Note: Placeholder substitution is deferred to [Psycopg's `cursor.execute(.)` method](https://www.psycopg.org/docs/cursor.html#cursor.execute), which should prevent [SQL-injection](https://owasp.org/www-community/attacks/SQL_Injection).



**WARNING:** Do **NOT** use string concatenation (i.e. `+`, `str.join(.)`, etc.) or string interpolation (i.e. `%`, `str.format(.)`,  etc.) along with `whereEtc`. Pass `argsEtc` instead.



Executing Raw SQL

------------------------

If you'd like to execute raw SQL, we recommend using [Psycopg](https://www.psycopg.org/) directly. We recommend *against* using `db._execute(.)`.



Typically, `db._execute(.)` should only be relevant to PogoDB's maintainers. It accepts three parameters:

1. `stmt` (required): The SQL statement to be executed.

2. `args` (optional): Tuple (or list) for `%s` placeholder substitution.

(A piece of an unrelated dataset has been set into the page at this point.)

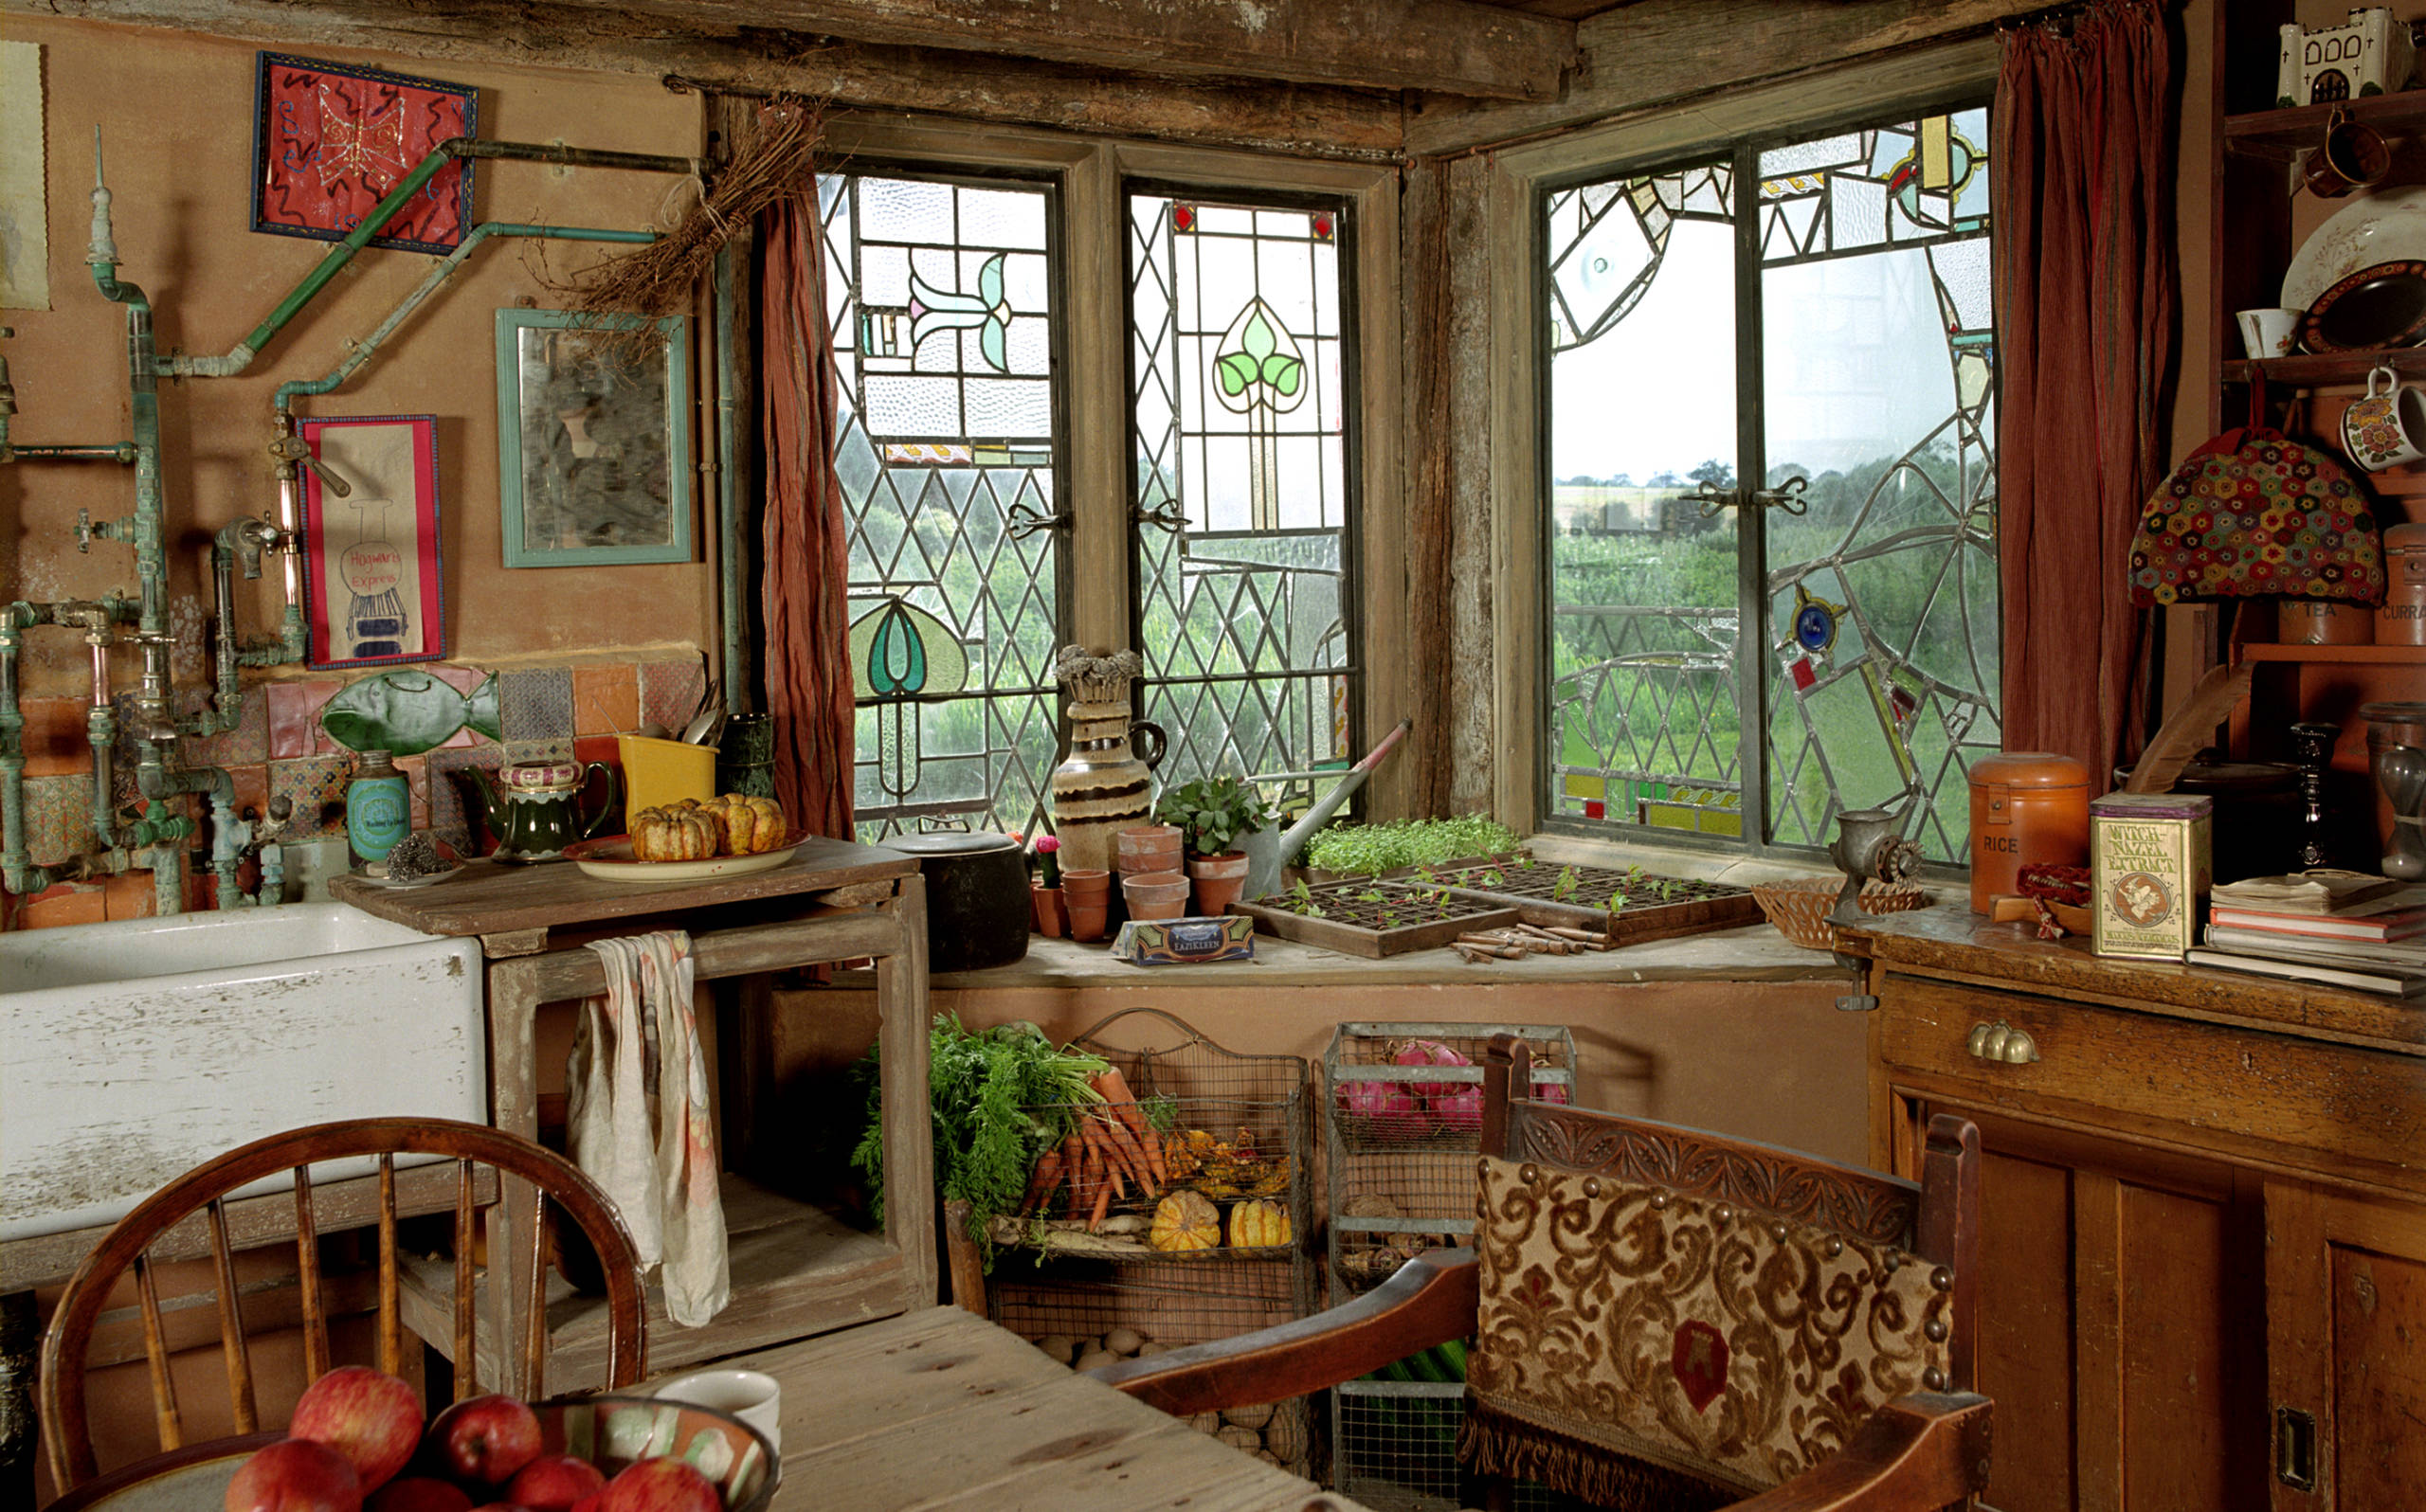 WB-F2-the-burrow-kitchen-interior-web-landscape

3. `fetch` (optional): Either `None` (optional), `"one"` or `"all"`.



Parameters `stmt` and `args` are passed directly to Psycopg's `cursor.execute(.)` method. Based on `fetch`, none, one or all records are fetched.



A close cousin to `db._execute(.)` is `db._findSql(.)`, which is useful for executing `SELECT` queries. It only accepts `stmt` (required) and `args` (optional), as described above. It fetches all matching results, plucks the `doc` column, ensures dot-accessibility of dictionary objects, and returns the result.



Licensing

------------

Copyright (c) 2020 Polydojo, Inc.



**Software Licensing:**  

The software is released "AS IS" under the **Apache License 2.0**, WITHOUT WARRANTY OF ANY KIND, EXPRESS OR IMPLIED. Kindly see [LICENSE.txt](https://github.com/polydojo/pogodb/blob/master/LICENSE.txt) for more details.



**No Trademark Rights:**  

The above software licensing terms **do not** grant any right in the trademarks, service marks, brand names or logos of Polydojo, Inc.